Task brief: In the copy, include exactly the lines from the one with "знаквнимания сюрприз gift" through the end of the data and no others, both ends kept, with every picture left out.

Data segment:
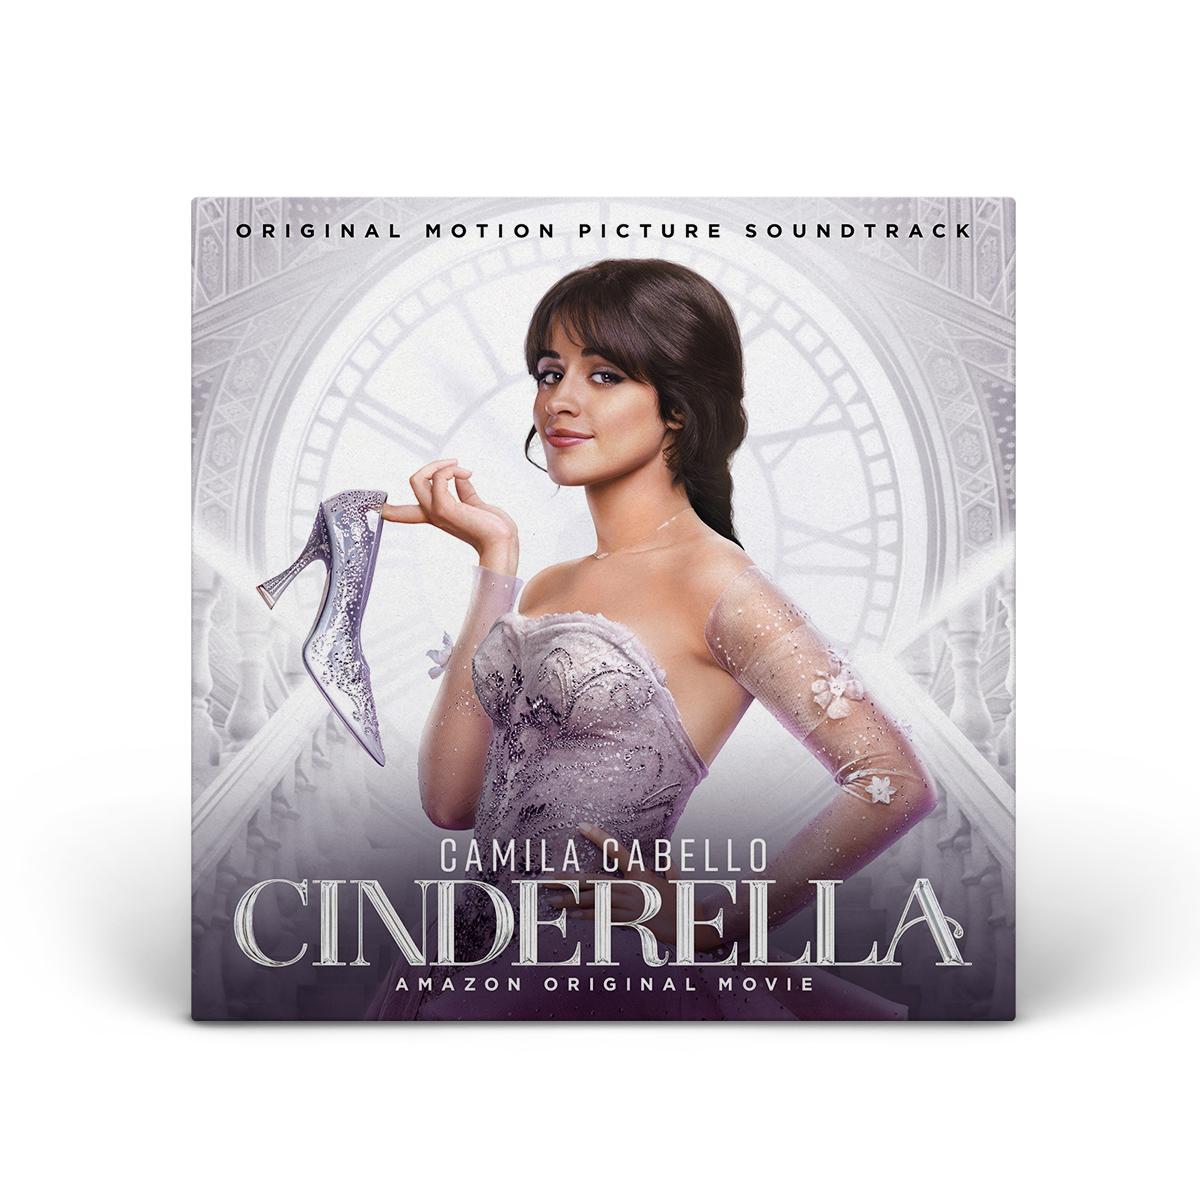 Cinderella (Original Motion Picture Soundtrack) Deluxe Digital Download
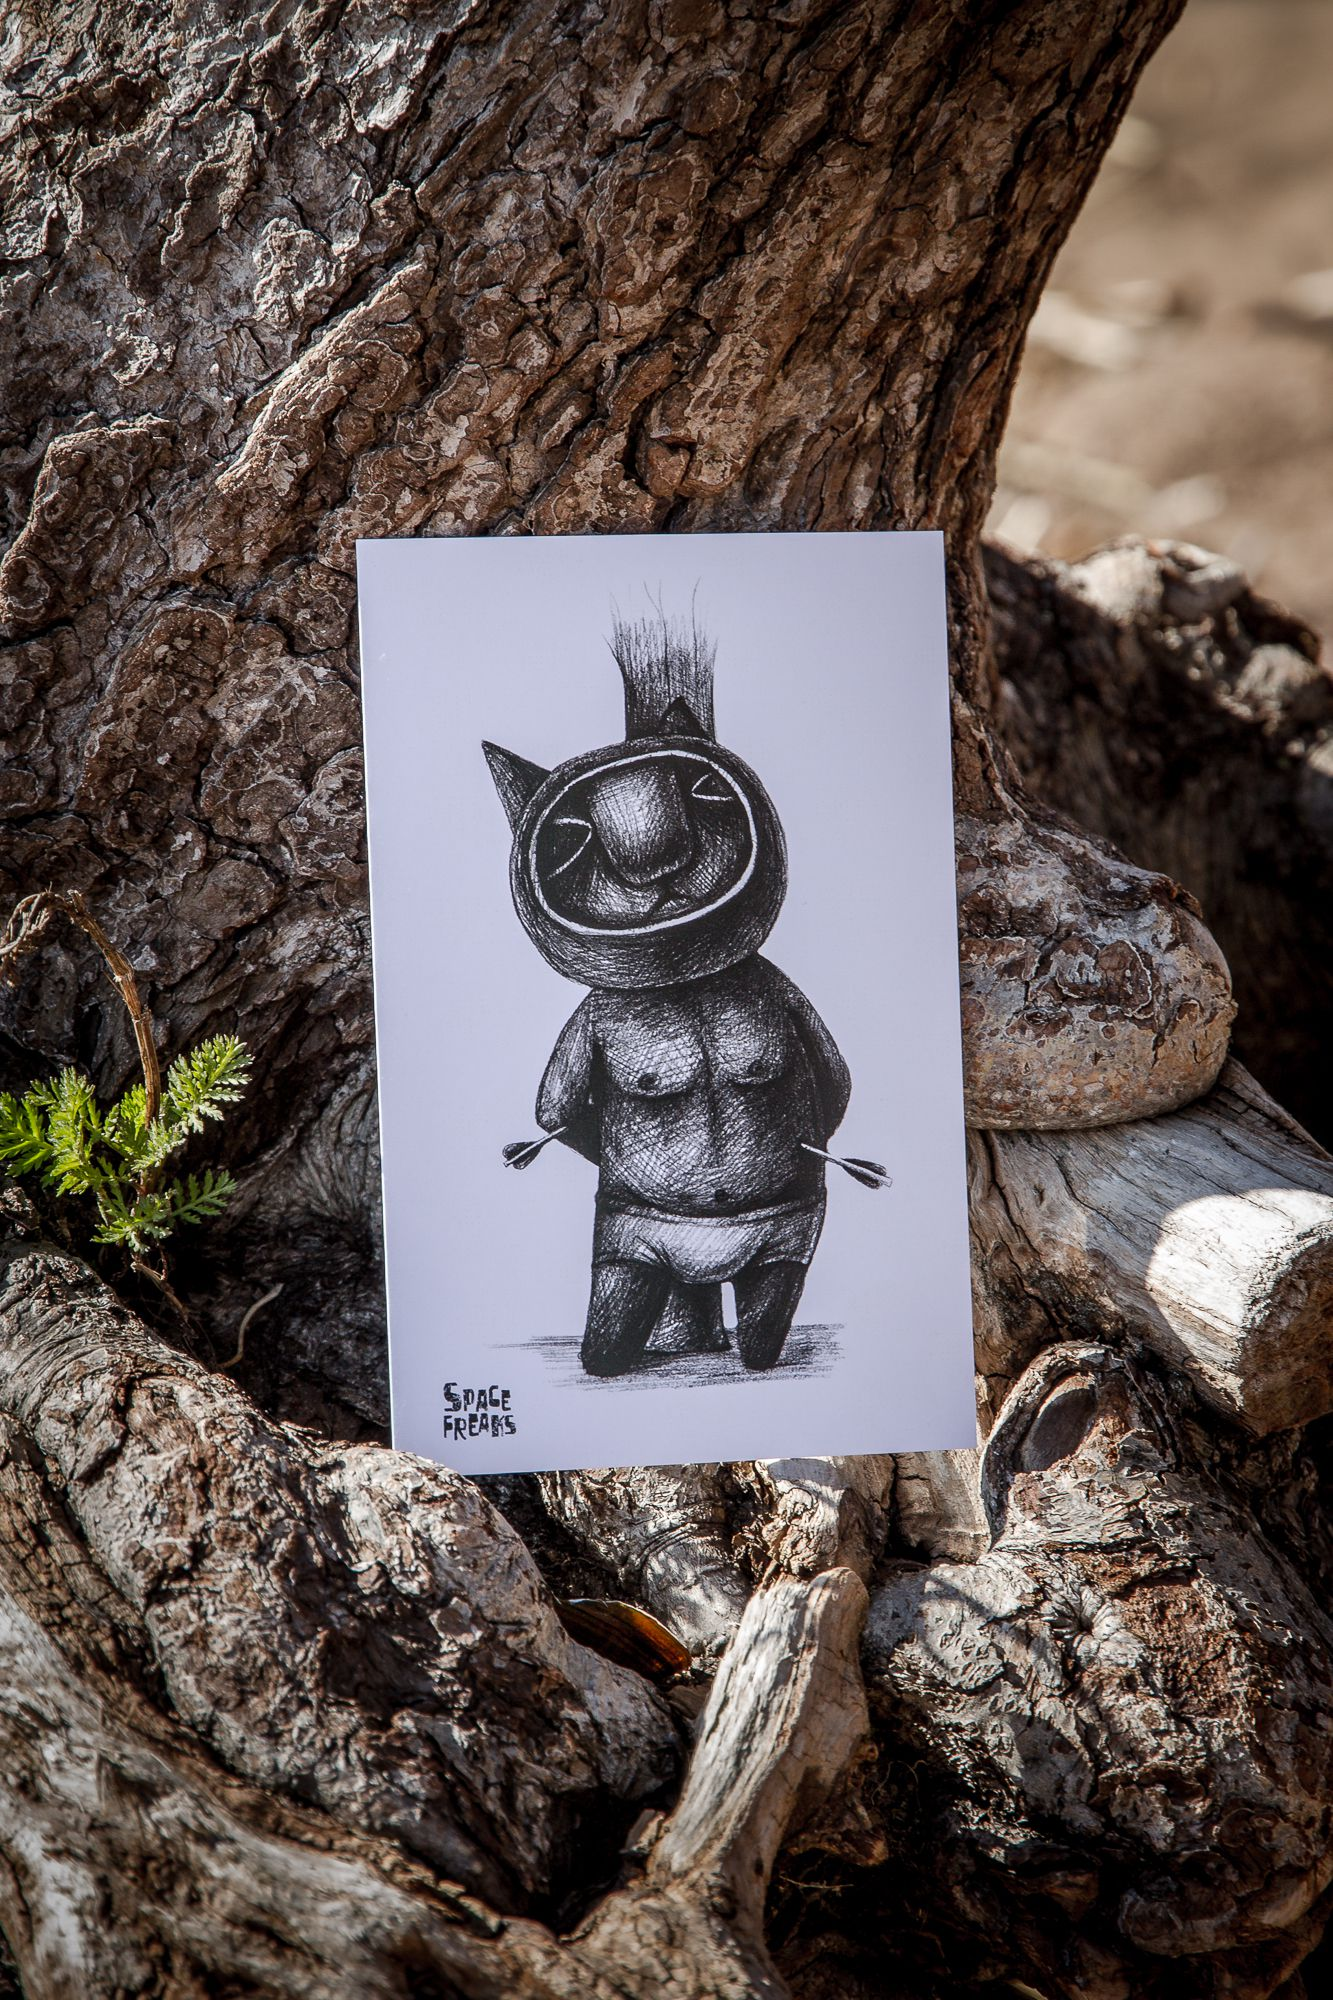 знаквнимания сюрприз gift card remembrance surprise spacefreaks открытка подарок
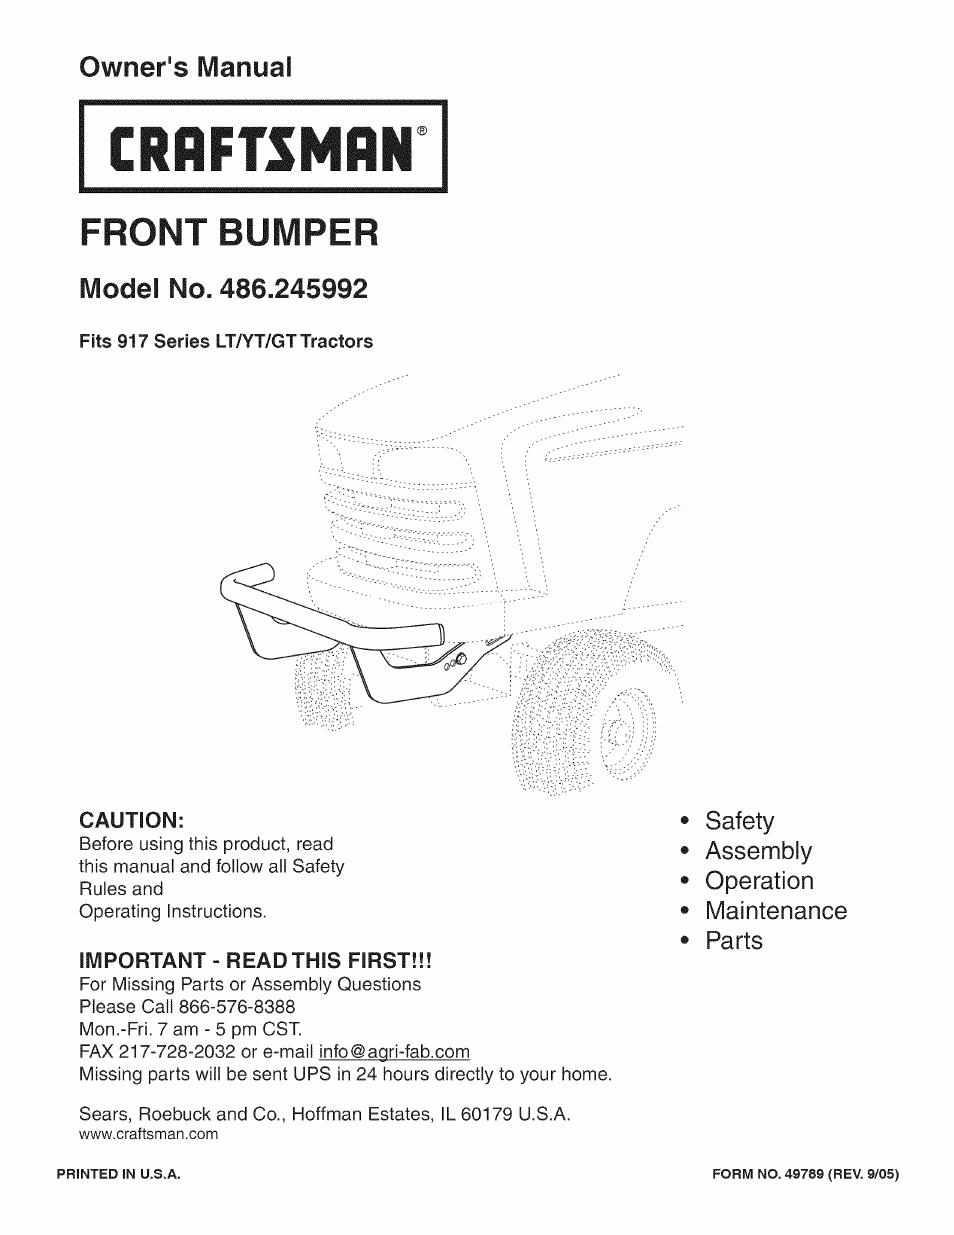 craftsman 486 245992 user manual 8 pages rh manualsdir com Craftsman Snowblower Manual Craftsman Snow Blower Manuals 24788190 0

Result of this exercise:
 знаквнимания сюрприз gift card remembrance surprise spacefreaks открытка подарок
 craftsman 486 245992 user manual 8 pages rh manualsdir com Craftsman Snowblower Manual Craftsman Snow Blower Manuals 24788190 0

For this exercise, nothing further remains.